So easy, a kid can do it.

That's the premise behind The Rap Game, which comes to One Eyed Jacks tonight to open for MC Sweet Tea. Michael Patrick Welch wrote and edited New Orleans: The Underground Guide with Alison Fensterstock, and he and MC Intelligence - Kerry Gibson - created The Rap Game, which is the hip-hop version of karaoke. The audience is given a beat, a brief primer on writing rhymes, and eight lines to show their stuff. On Friday night, they'll have a horn section to play the contestants to their spot to rhyme, then to help them get out with some style and grace. Welch and Gibson have played The Rap Game at Mimi's and the AllWays Lounge, but this is their first time at One Eyed Jacks.
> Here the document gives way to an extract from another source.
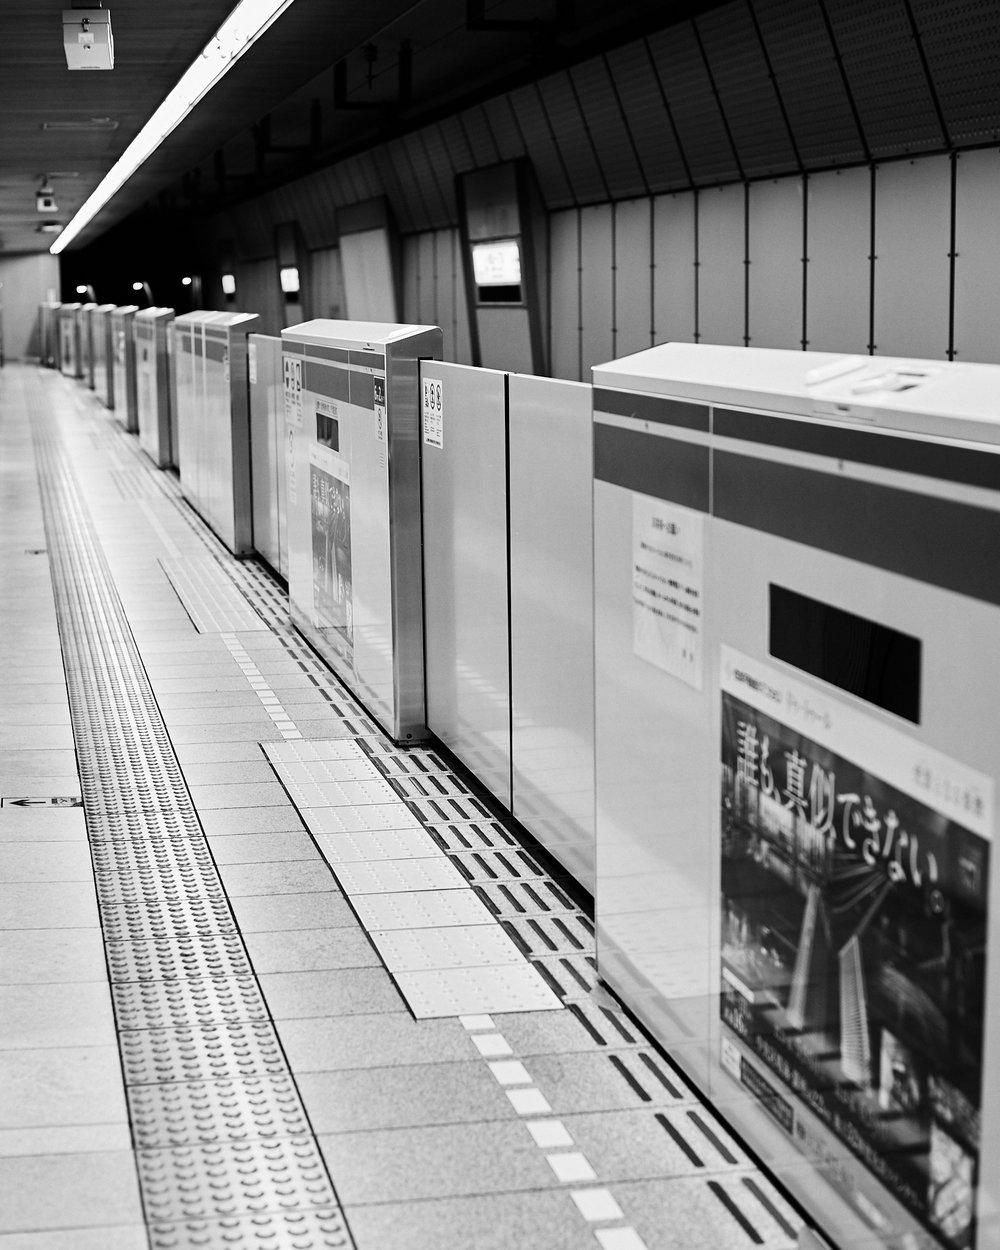 SnapPilots_17-07-07_Tokyo2017_bnw_99.jpg

"People can rap," Welch says, but they rarely think so at first. The biggest challenge is always to get people to come up onstage, and cheap shots of something strong help. After a little badgering, people loosen up and get involved. "I really hard-sell them, but it works," he says. "By now, rap's been around for so long that every single person who gets up there can imitate The Beastie Boys for a second. Nobody has ever gotten up there and been as shitty as you see people be at karaoke, where you're like, 'Ohmigod, this is not fun.'"
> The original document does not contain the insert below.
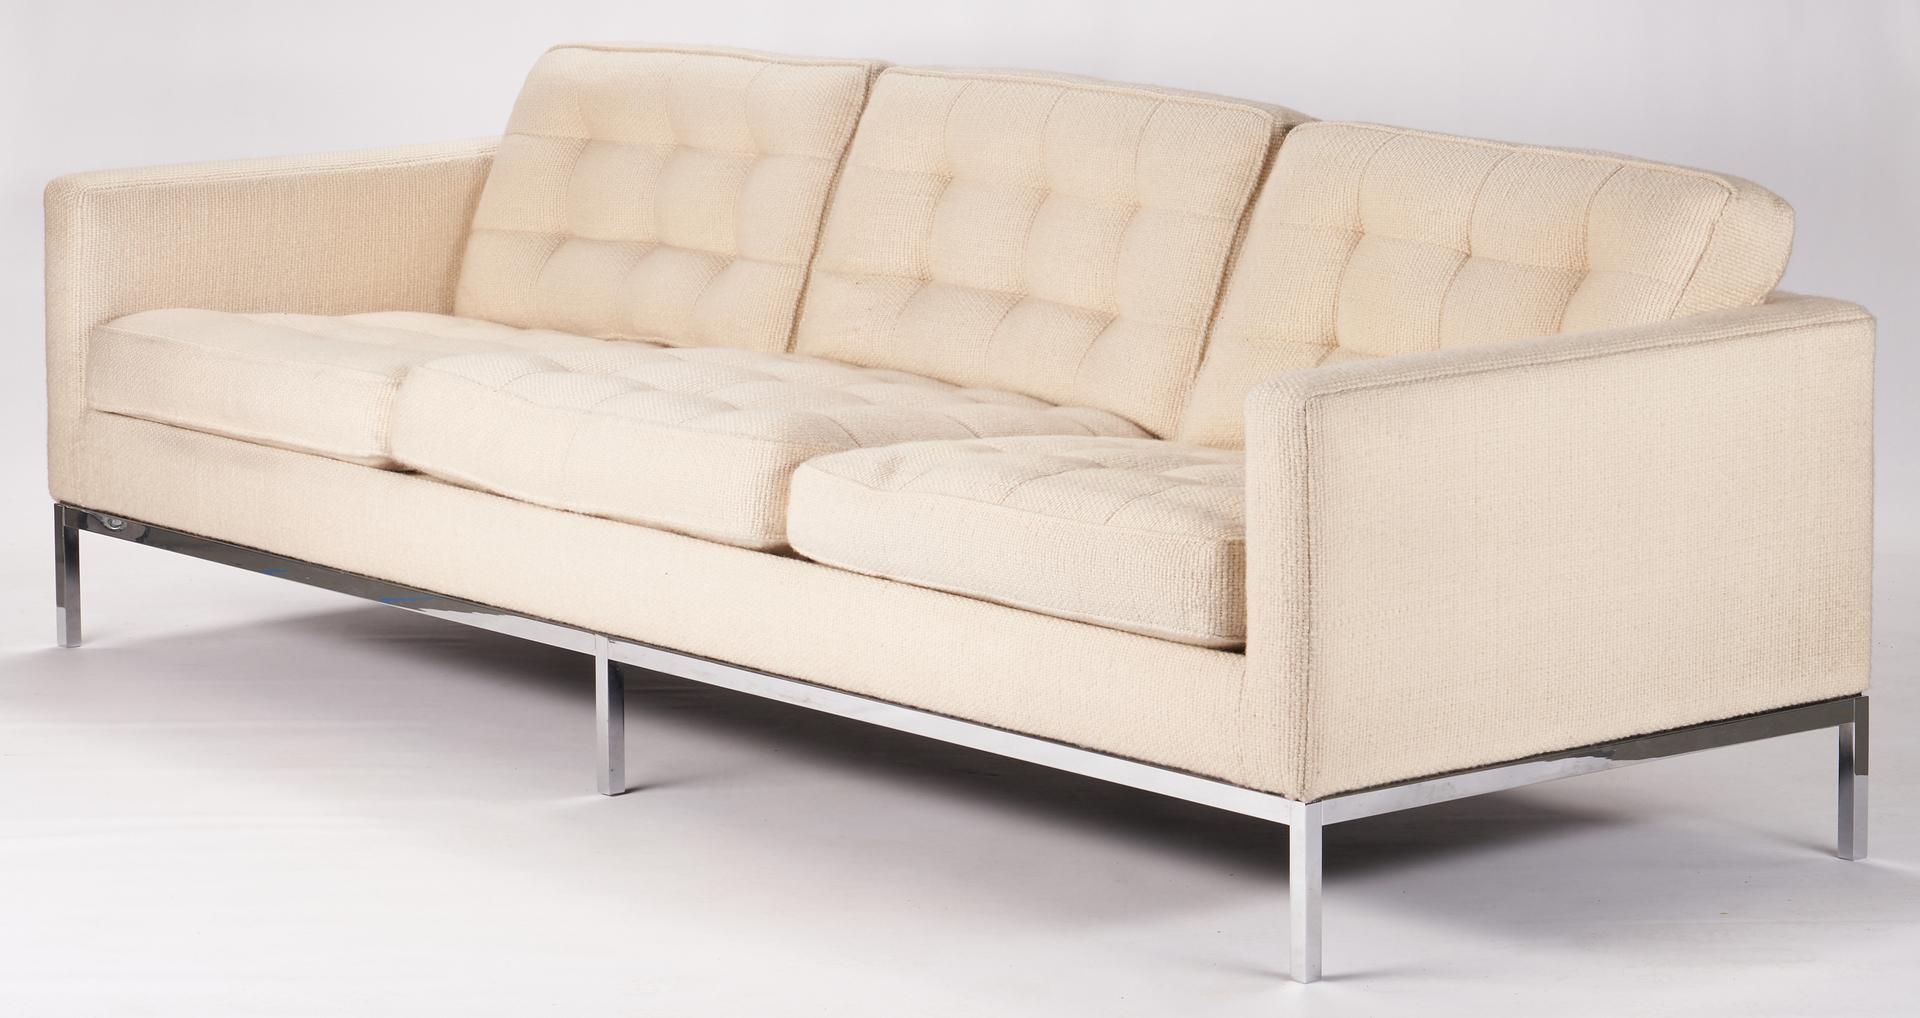 Lot 594: Mid-Century Knoll Parallel Bar System Sofa

The Rap Game grew out of Welch's classroom activities, where he teaches grade school-aged children to write. To make literacy less abstract, he started asking them to write rap. The results were so entertaining that an album emerged from it - YA! Young Audiences Raps. Welch and Gibson will show some of the students' videos Friday night as part of the show.

"It's a literacy class disguised as a music class," Welch says. "The CD and the rap and the beats are the carrot to get the kids to practice their writing, which they don't want to do." It's a form of journal writing but set to music, and he has the class vote on a topic and brainstorm to get details and subject matter down before they're allowed to start rhyming. "Otherwise, they become sing-songy, off-topic, whatever rhymes. They go after the rhymes before they go after the subject matter.

His method works, but it's not universally loved. Many parents and teachers consider hip-hop the enemy and would prefer the students have as little to do with it as possible. Some dismiss it as a low priority for students that also need history and math, while other consider it a low form of self-expression. "You're using the shitty, corporate version to judge the most important black artform of the 20th Century," Welch says. "I have them writing about puppies and rainbows to show that it's the topics you choose and not the genre that's destroying America." 

Gibson is a recent addition to Welch's teaching efforts, having been with him for two summers. "The one thing I was missing was leading by example," he says. "He can rap all the rules to them and the topics, and can teach the class while rapping." Following his example, Welch started rapping with his class and found that when he did, they rapped back. "You've got to put yourself out there," he says.

The idea to move this out of the classroom came when they did some workshops including one at the New Orleans Museum of Art. "We got parents and their kids to all a write rap within 20 minutes, and all get up and do it. We realized it was kind of like karaoke, and people got into it the same way. It's a huge success everywhere we do it."

In the past, The Rap Game has involved three rounds winnowing down 20 or so competitors to a winner, but the last time they played, that process took more than three hours. Because they're in an opening act slot, they've trimmed it down to more manageable 45 minutes. "This is what we do on the first day of class," he says. "By the end of it, there's a song - more or less."